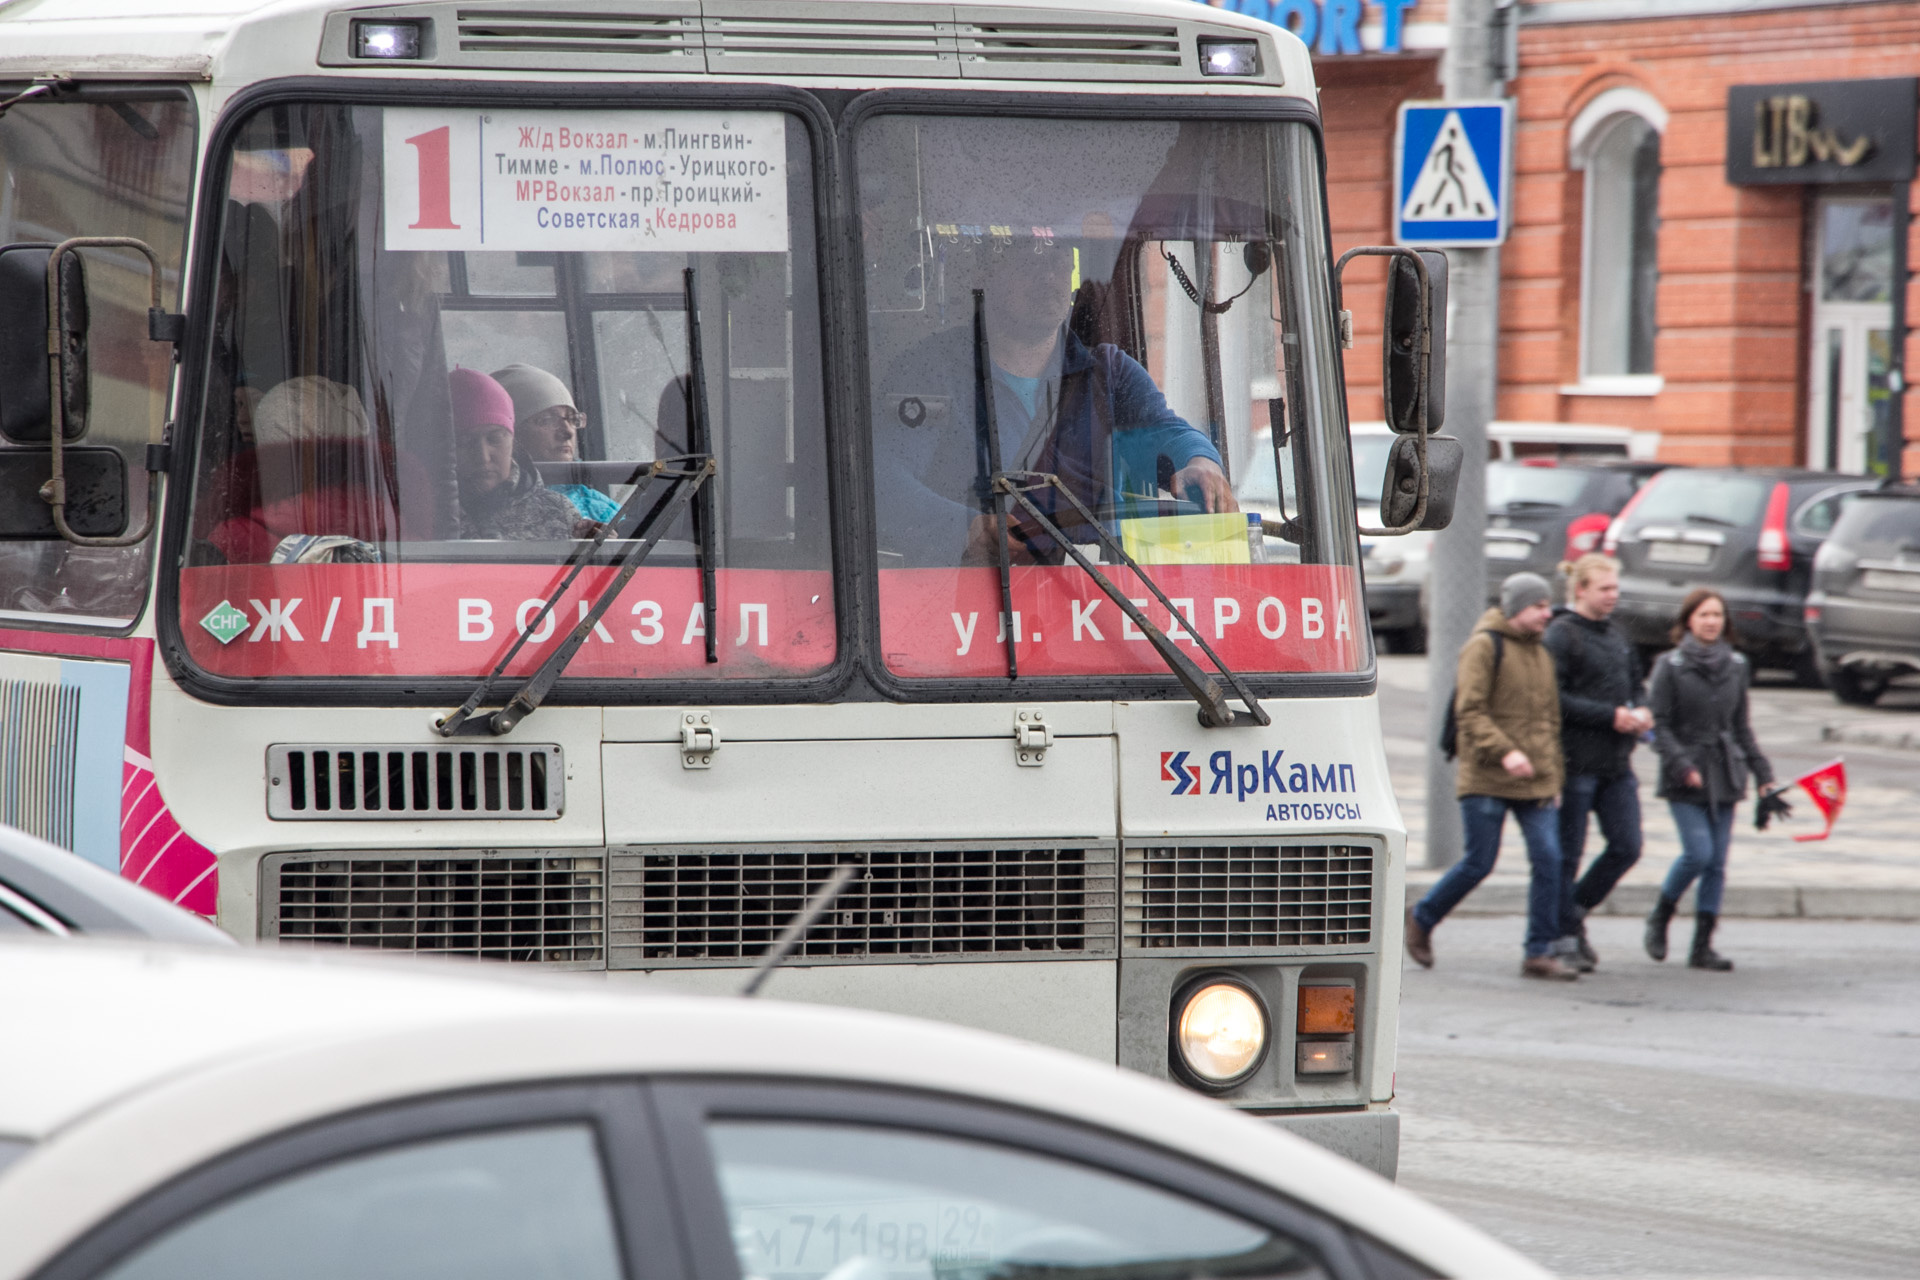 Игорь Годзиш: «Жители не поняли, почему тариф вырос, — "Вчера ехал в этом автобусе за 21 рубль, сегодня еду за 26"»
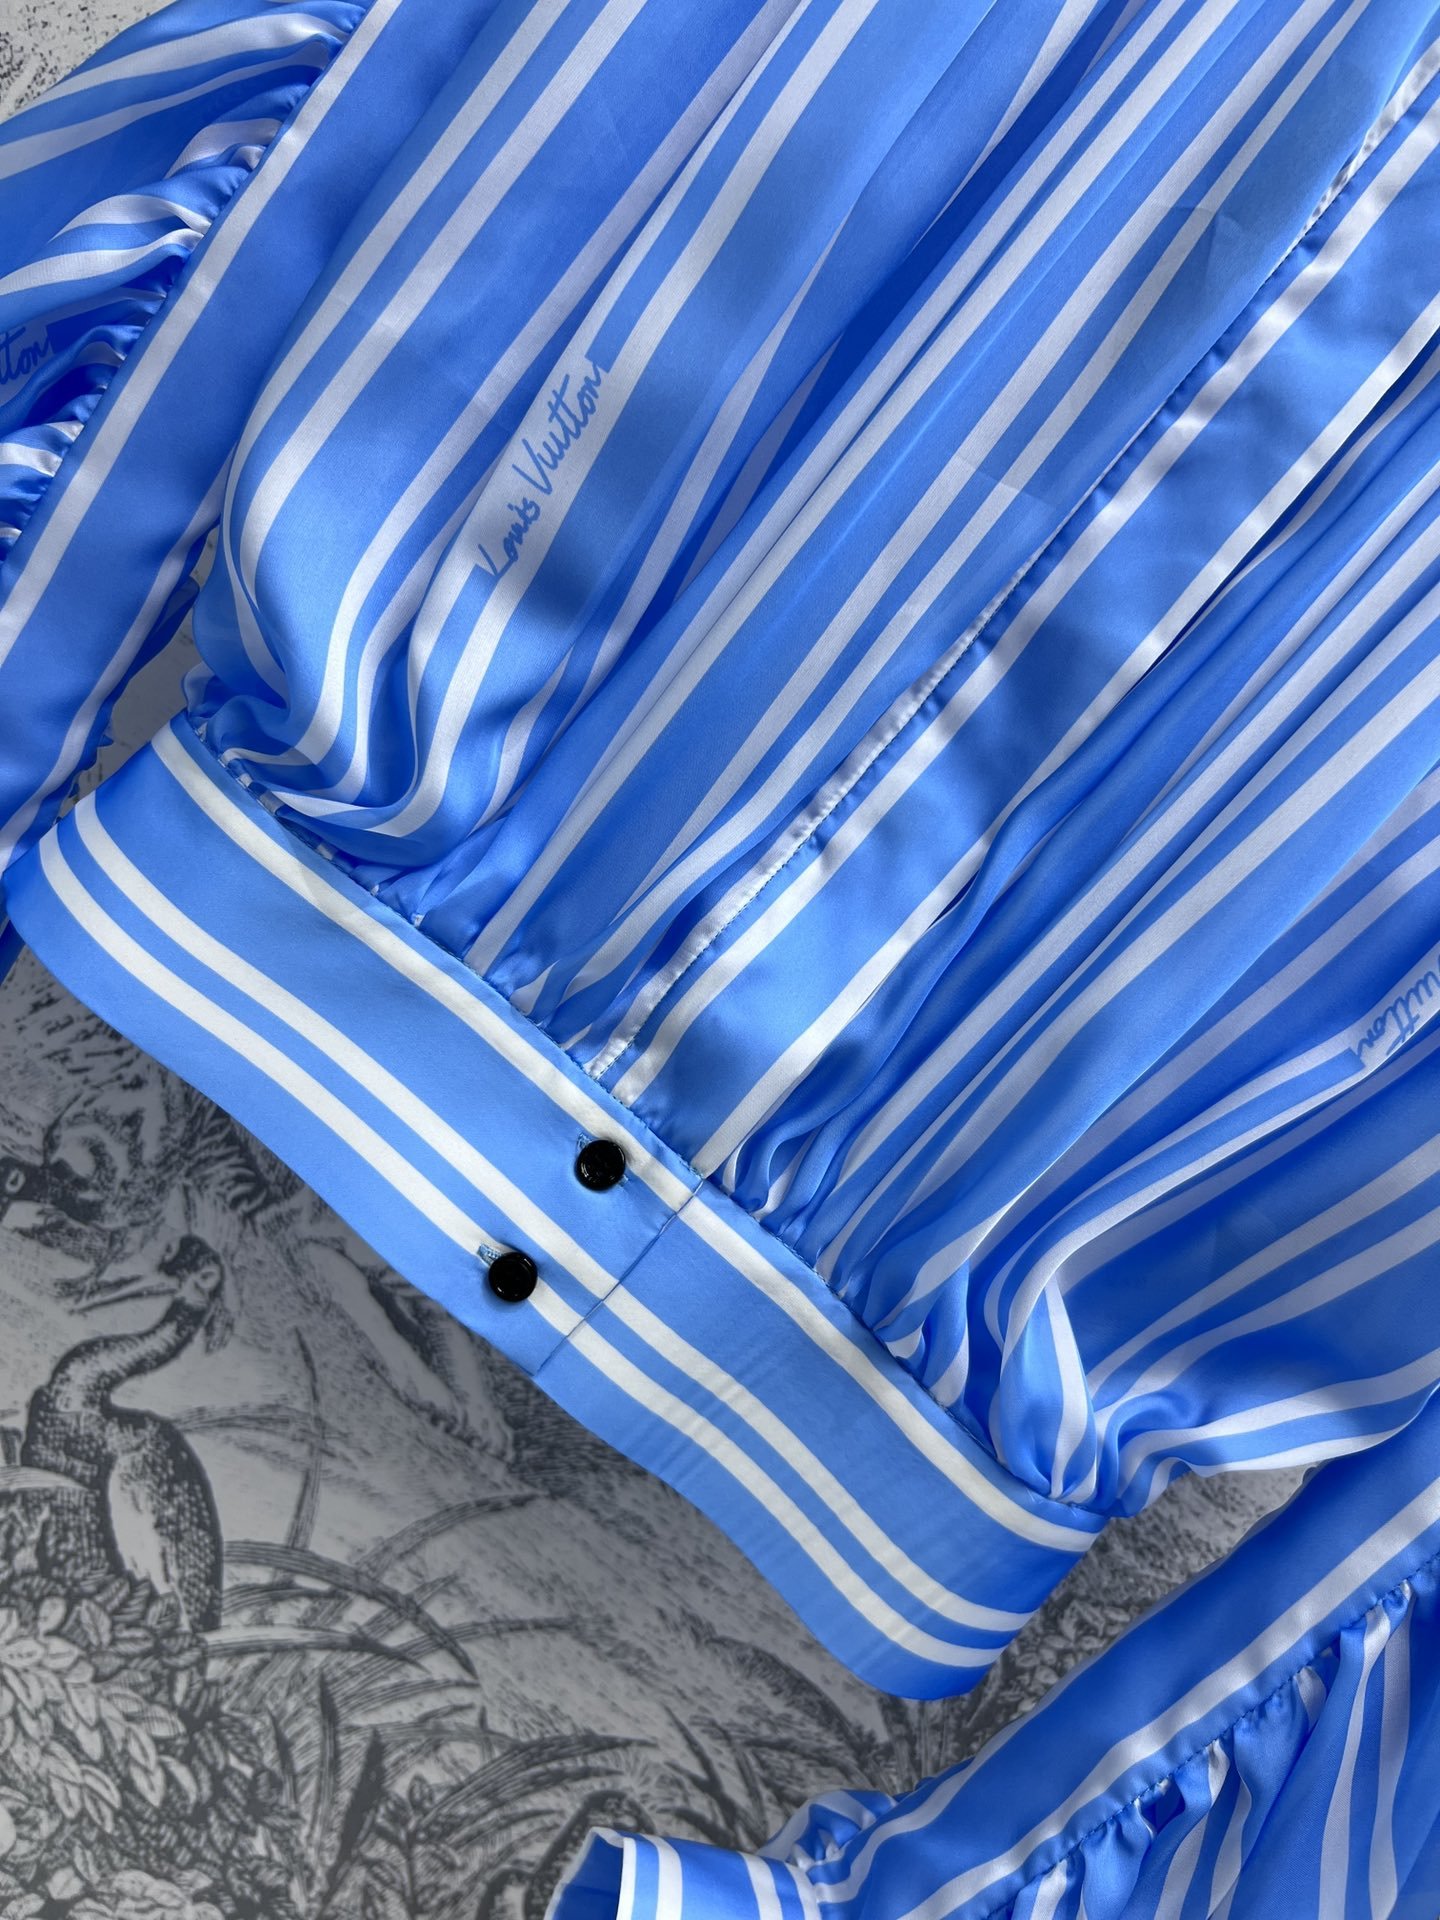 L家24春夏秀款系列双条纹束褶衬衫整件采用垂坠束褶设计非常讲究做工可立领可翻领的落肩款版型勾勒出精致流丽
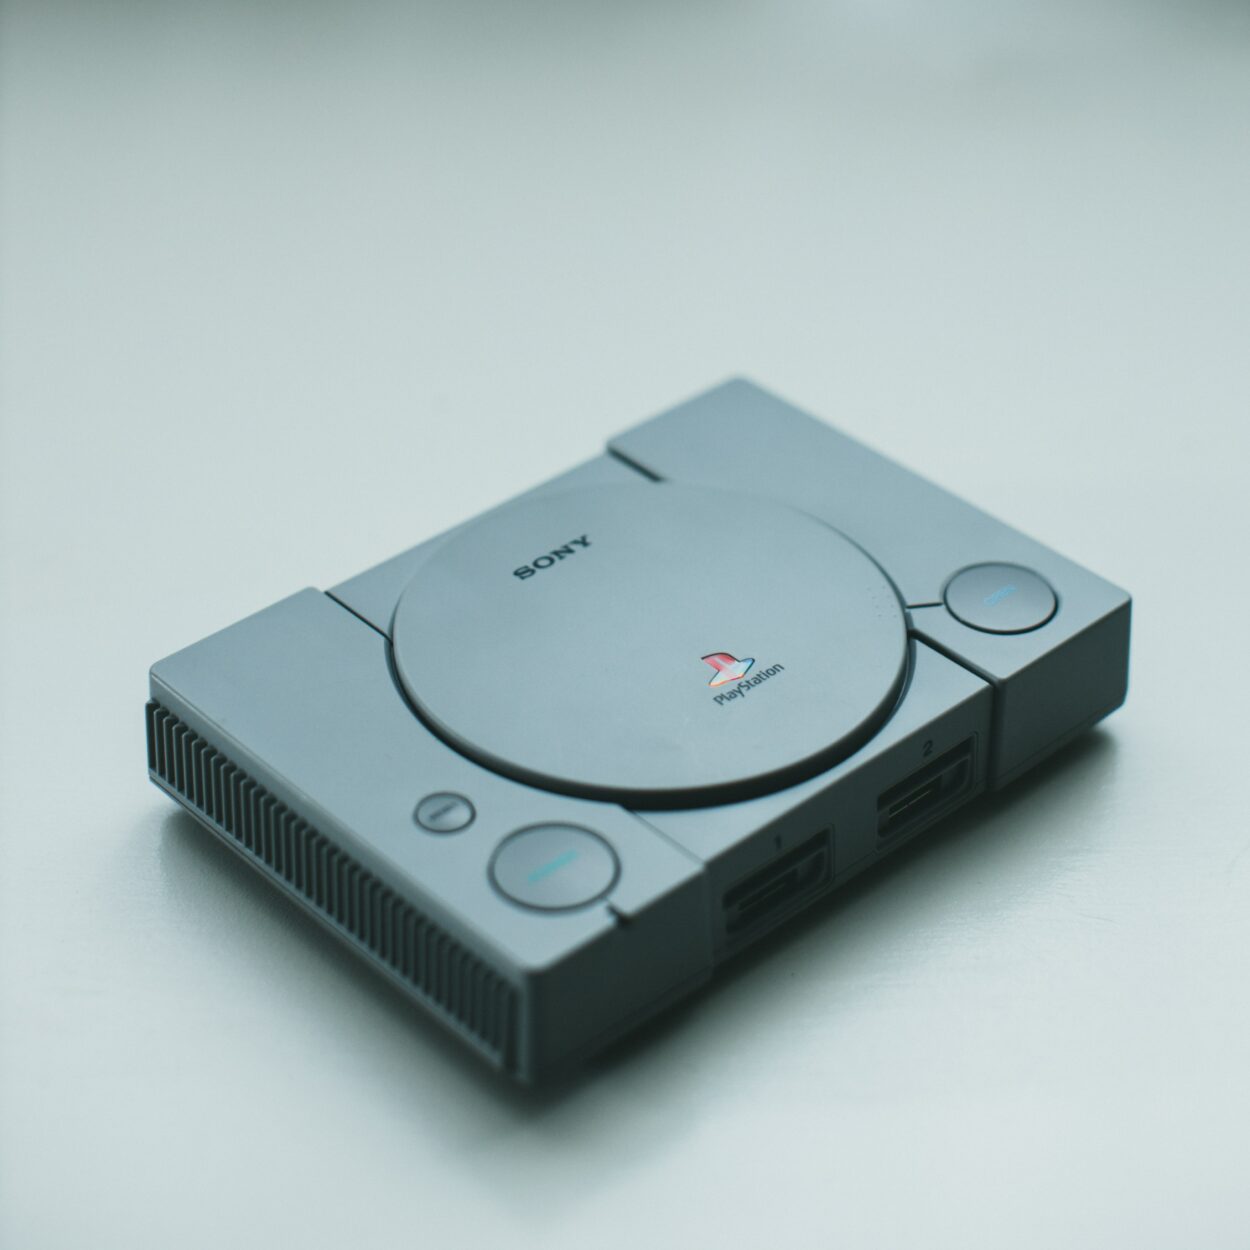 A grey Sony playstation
----
◆ Required action
Pictures are to be left out. Otherwise, copy the material above exactly.

◆ Task response
 Игорь Годзиш: «Жители не поняли, почему тариф вырос, — "Вчера ехал в этом автобусе за 21 рубль, сегодня еду за 26"»
 L家24春夏秀款系列双条纹束褶衬衫整件采用垂坠束褶设计非常讲究做工可立领可翻领的落肩款版型勾勒出精致流丽
 A grey Sony playstation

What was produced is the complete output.